3, SF1 and SF2, SF4, and SF6 are display periods. In the next frame, only SF8 is a display period, and the non-display period is distributed to three places. Therefore, since the non-display period is dispersed and the duration of each non-display period is shortened, it becomes difficult to visually recognize the non-display period, and it is possible to prevent false contours from appearing in the moving image. The arrangement of each sub-field shown in FIG. 2A is an example, and sub-fields having a long relative luminance ratio and a long light emission sustaining period (large sub-field numbers) may be appropriately dispersed and arranged. The left and right sides may be replaced with each other, or the SF8 may be arranged so as to be displaced from the central portion for scanning.

[0011]

As described above, according to the present invention,
By driving the plasma display panel by dispersing the video signals so that they are not in the luminance order, it is possible to disperse the non-display period that occurs when a moving image is displayed and to prevent the occurrence of false contours. A display device can be provided.

[Brief description of drawings]

FIG. 1 is a block diagram showing an embodiment of a plasma display display device of the present invention.
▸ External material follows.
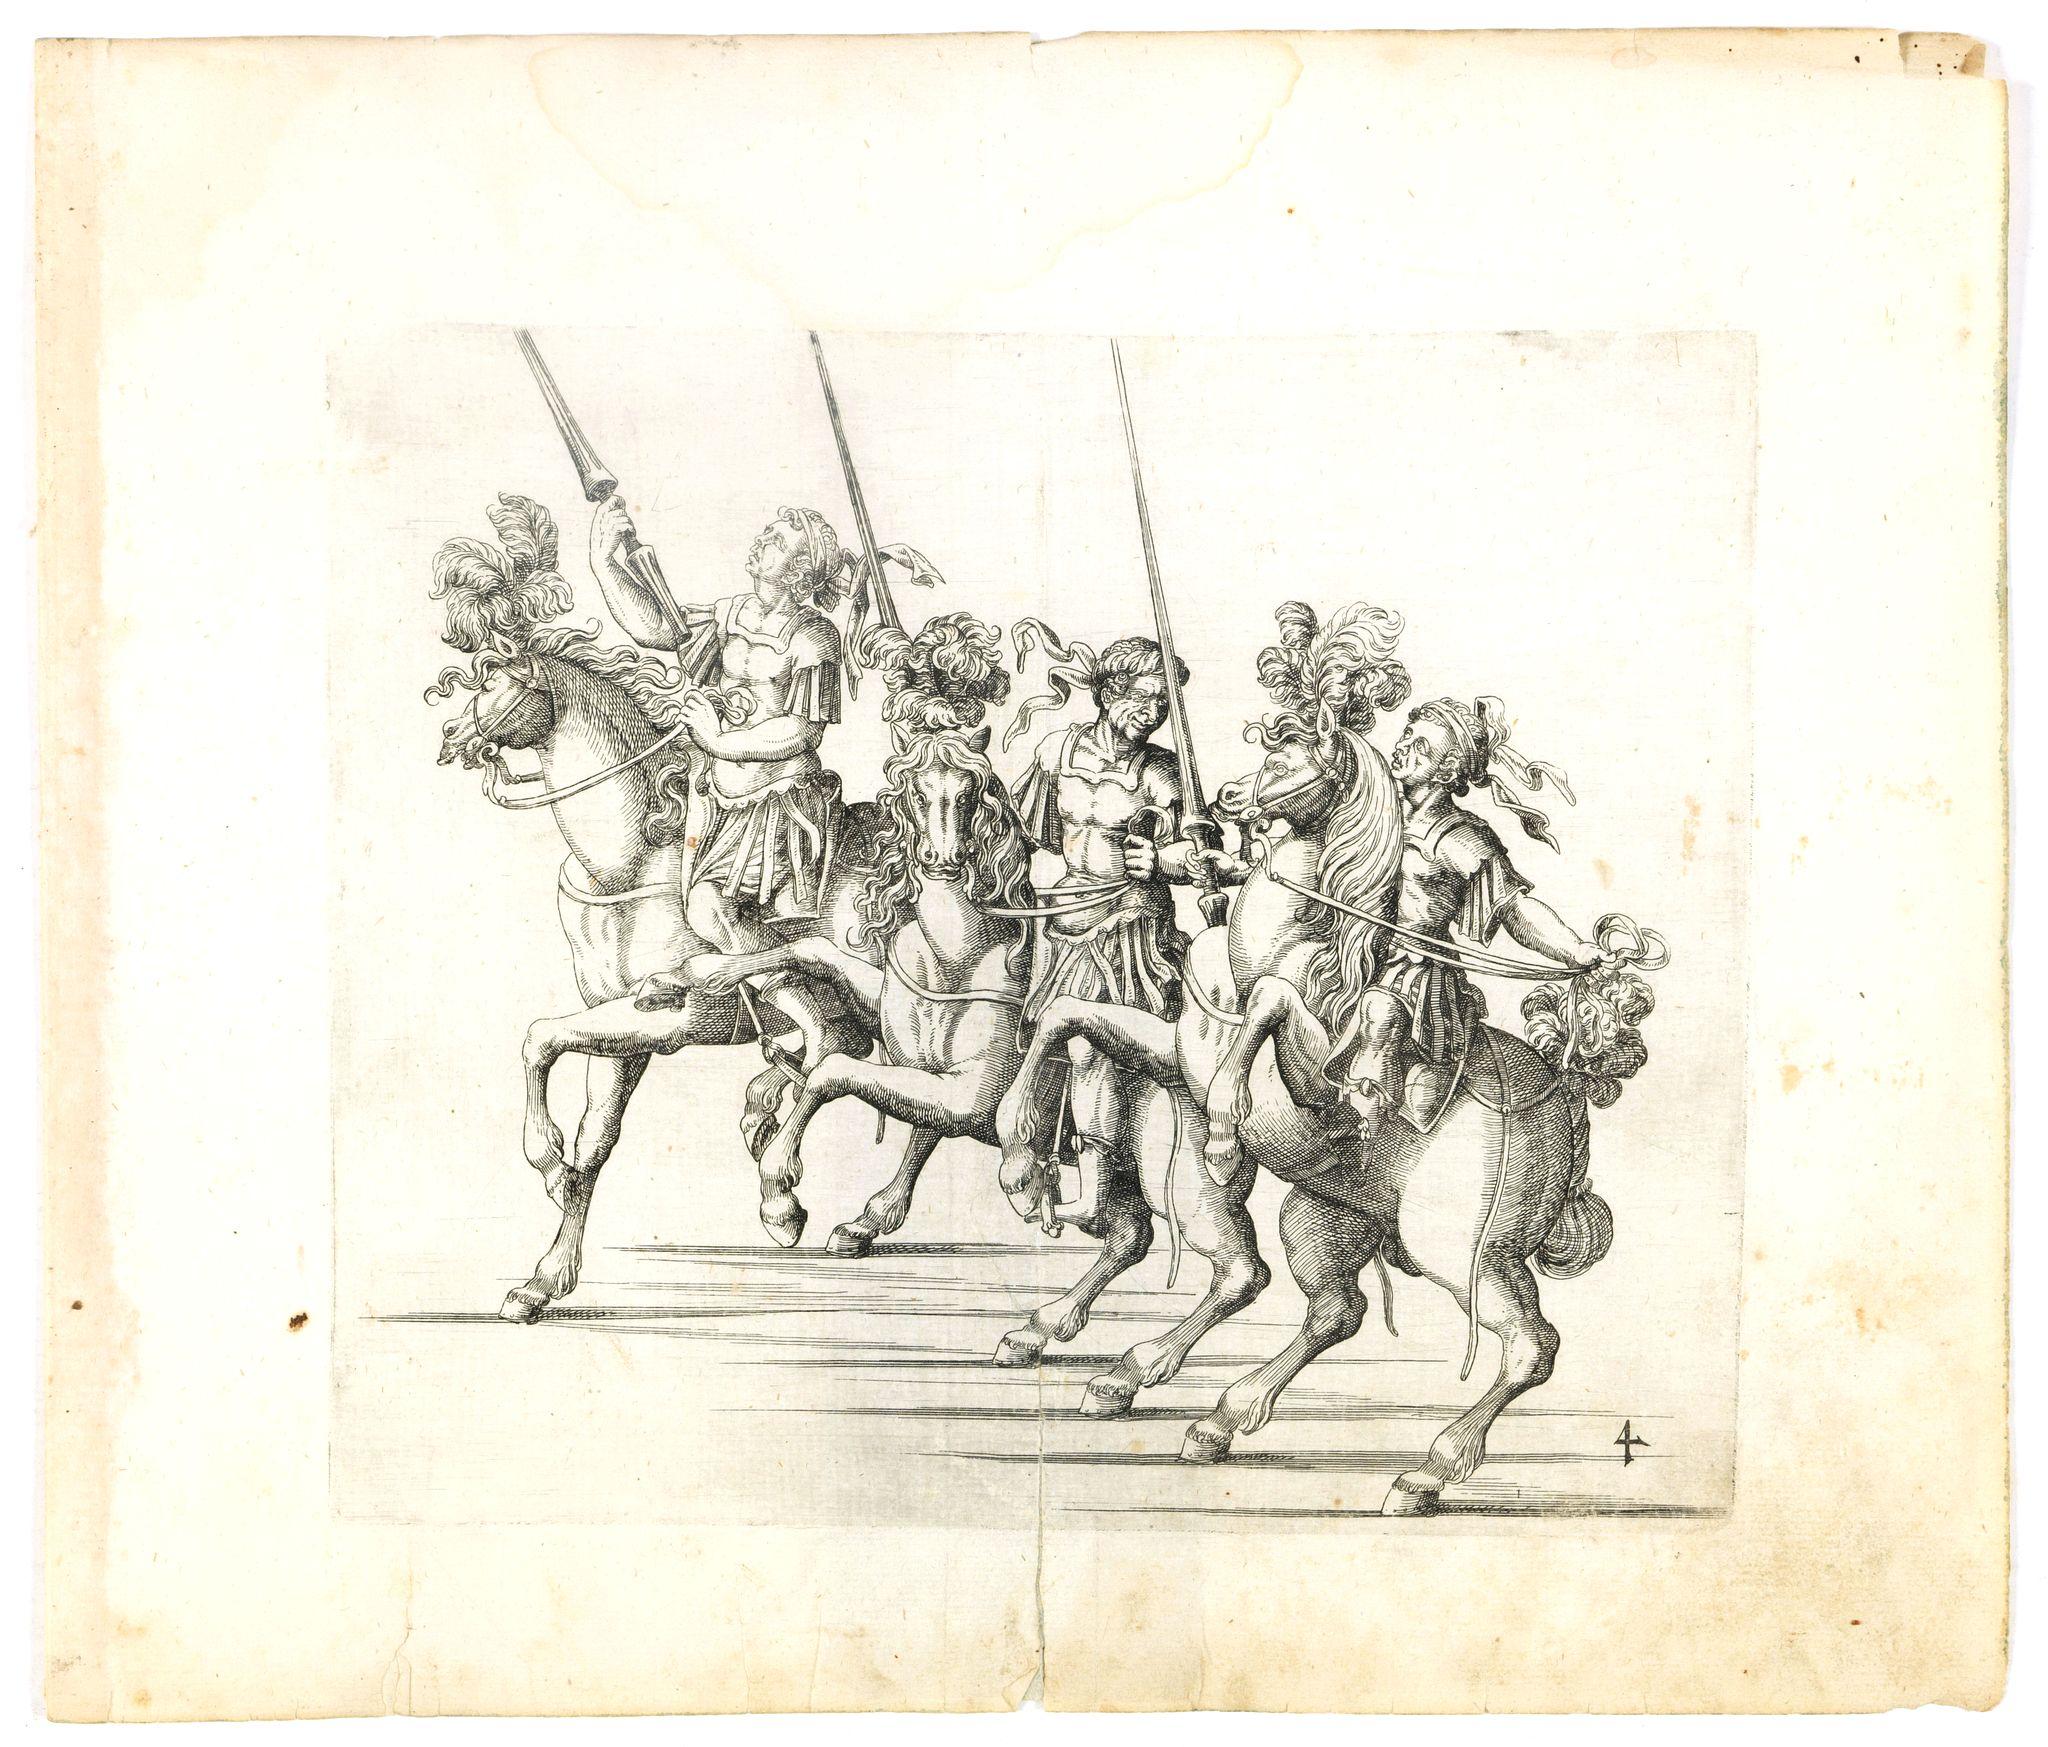 MERIAN, M. -  Aufzug des durchleuchtigsten hochgebornen Fürsten und Herren, Herren Friderichen Pfaltzgrafen bey Rhein.. .

2A and 2B are explanatory diagrams showing an embodiment of a video signal driving method according to the present invention.

3A to 3C are explanatory diagrams for displaying a moving image according to a conventional example.

FIG. 4 is an explanatory diagram showing a conventional video signal driving method.

[Explanation of symbols]

 1 Input Terminal 2 Input Terminal 3 Write Control Section 4 I / O Buffer Section 5 Address Control Section 6 Data Control Section 7 Bit Selection Section 8 Frame Memory 9 Display Control Section 10 Read Control Section 11 Address Decoder 12 Sub Address Counter 13 Sub Address Decoder 14 Display Address control unit 15 Address driver 16 Address driver 17 Plasma display panel

Claims (3)

[Claims] 1. In a plasma display device displaying a multi-gradation video signal by constructing one frame with a plurality of sub-fields having different luminance relative ratios and light emission sustaining periods, the sub-fields are not scanned in order of luminance. A plasma display device, characterized in that it is provided with a means for dispersing and scanning the light. 2. The means for scanning the sub-fields in a dispersed manner so that the sub-fields are not scanned in the order of luminance, controls means for designating the order of the sub-fields, and bits of the video signal read from the storage section by an input from the control means. 2. A plasma display display device according to claim 1, further comprising a bit selection means for selecting, and displaying a video signal on the plasma display display device based on an output from the bit selection means. 3. A means for scanning the sub-fields in a distributed manner so that the sub-fields are not scanned in the luminance order, the control means for designating the sub-field order, and the bit of the video signal read from the storage section by the input from the control means. The MSB bit of the video signal becomes substantially the center of the frame by the bit selecting means for selecting, and the second digit (second) and the third digit of the MSB are set to the beginning of the frame. 2. The plasma display device according to claim 1, wherein scanning is performed in the order of the one toward the end or the end.